Visionary Vehicles, LLC
- Industry: Automotive
- Founder: Malcolm Bricklin;
- Headquarters: New York City, New York, U.S.
- Products: Automobiles;
- Website: vvcars.com

= Visionary Vehicles =

North American vehicle import company

V Cars. LLC, called Visionary Vehicles prior to mid-2008, was an international automobile import and distribution company, founded by Malcolm Bricklin and engaging in the development and sale of Chinese-made motor vehicles in North America. The company closed down prior to ever importing any cars to North America.

==Chery distribution==
V Cars was to be the North American distributor of Chery Automobiles. Bricklin's foray with Chery ended in mid-2006 after Chery allegedly used the relationship to enter the US market, then backed out of the contract with VV.

In a documentary film (The Entrepreneur) made by his son Johnathan, Malcolm Bricklin is shown with his lawyer in litigation against Chery auto makers.

Bricklin's strategy was to bring in cars and crossover SUVs that were competitive with German brands (Audi especially), but priced similarly to Honda vehicles. The lineup was to start with a mid-size car, a sporty coupé and small crossover. Later, with Bricklin funding, a bespoke line of front-wheel-drive vehicles was to have been developed. Following the front wheel drive vehicles, a rear wheel drive platform was contemplated which would have pushed Visionary into the Audi/BMW/Mercedes class of vehicles.

Bricklin's distribution strategy was to have dealers invest in Visionary Vehicles and in Chery, different from traditional dealer-distributor-manufacturer relationships. The dealer investments of $2-million were to be put in an escrow account until being used to fund investments in products from Chery.

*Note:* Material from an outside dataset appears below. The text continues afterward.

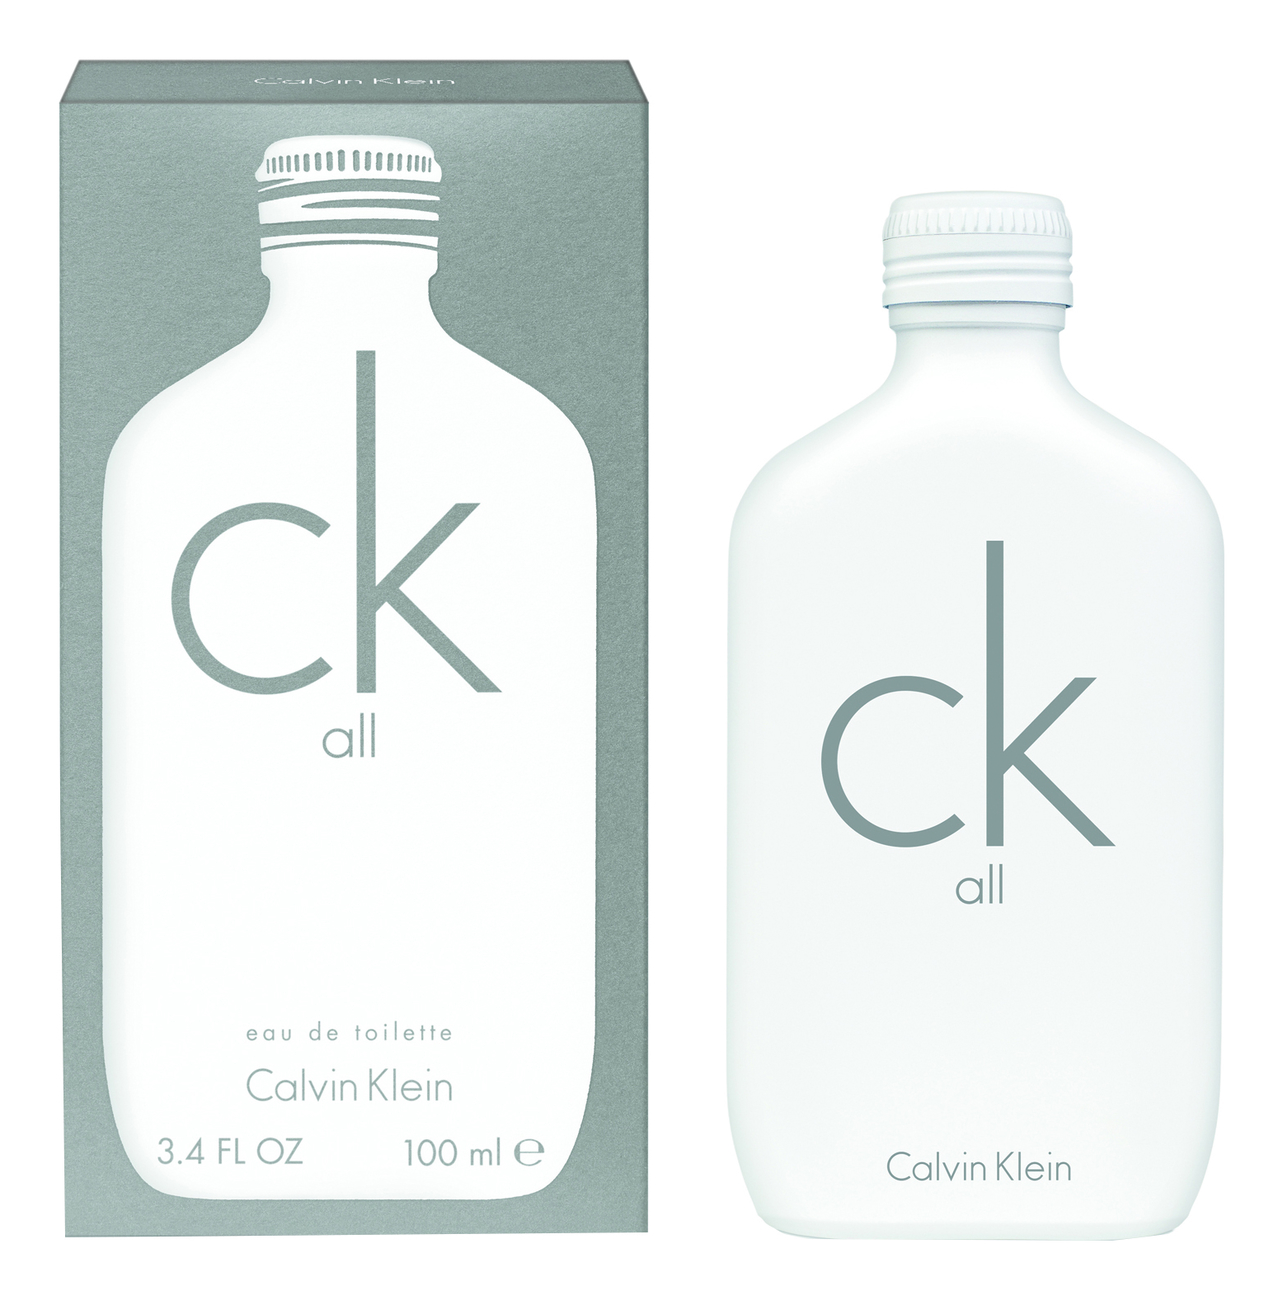 Купить CK All: туалетная вода 100мл, Calvin Klein

All dealer-investors and other investing parties are suing Chery auto makers in China for breach of contract and several other categories of litigation for over $1 billion.

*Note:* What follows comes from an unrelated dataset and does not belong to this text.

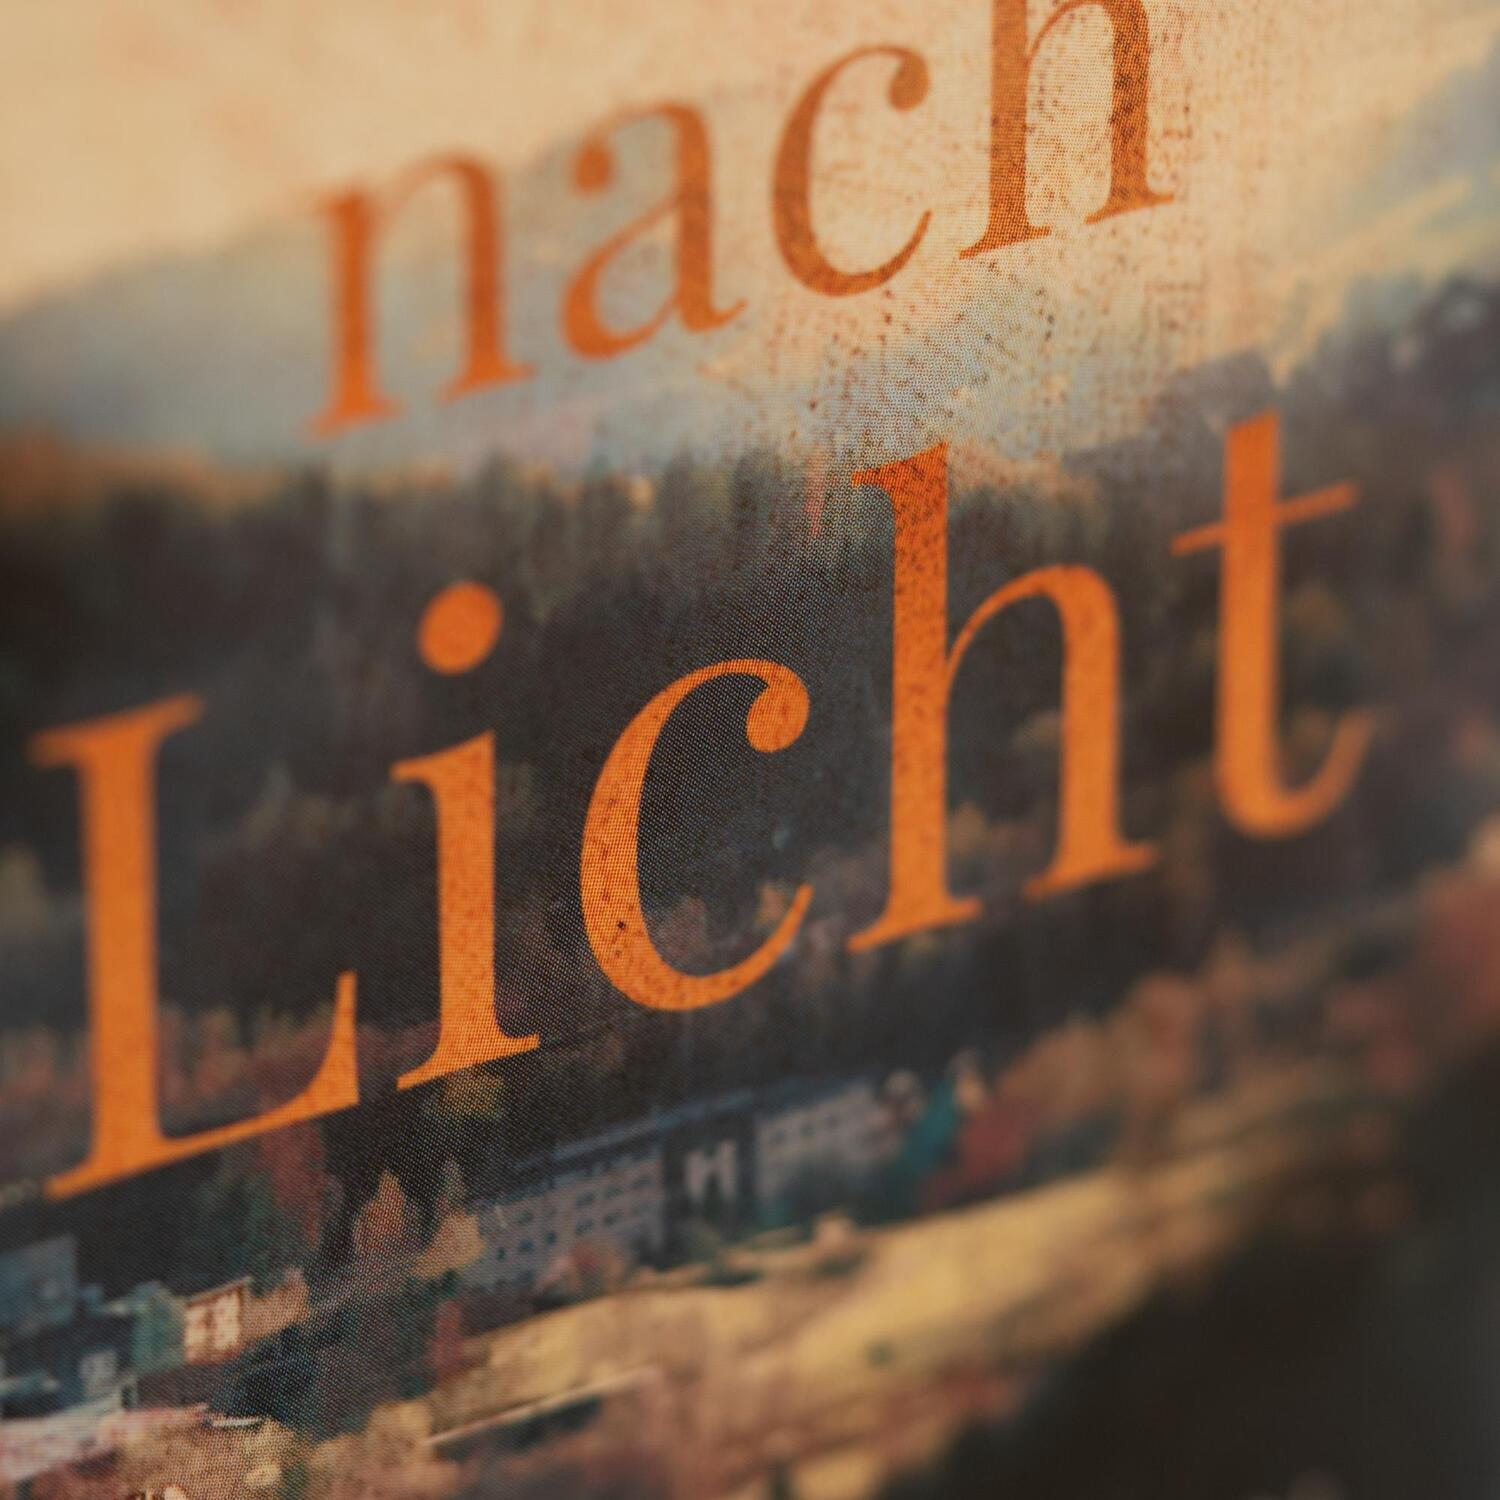 Bild: 9783365001172 | Die Sehnsucht nach Licht | Roman | Kati Naumann | Buch | 416 S. | 2022

In July 2013, VCars LLC was awarded $2,000,000 by a Detroit jury in US district court.

== Plug-in hybrids ==
Visionary intended to bring a $35,000 luxury Mercedes-Benz S-Class-style V2G-capable PHEV to market around 2010. In 2007, VV announced it would compete for the X-Prize.

== Bricklin EVX/LS ==
The Bricklin EVX/LS was a planned plug-in hybrid electric 4-door, 5-passenger luxury sedan.

The EVX/LS would go from zero to sixty miles per hour in 5.9 seconds with an 850-mile range at 100 mpg . The fuel would be a hybrid of gasoline and electricity powered by a lithium-ion battery.

Visionary Vehicles was looking to charge around $35,000 and premiere the vehicle in production in 2010. It was never built.

==Bricklin 3EV==
The Bricklin 3EV is a three-wheel, two-passenger, completely enclosed vehicle that is entirely electric powered for zero emissions. The projected retail cost of the vehicle will be between $25,000 and $30,000. While marketed as a direct competitor with Tesla, Inc., multiple discussed plans include usage of Tesla supplies in the production process. To maintain collectibility of the vehicles, the exterior design will be significantly altered every 50,000 units produced.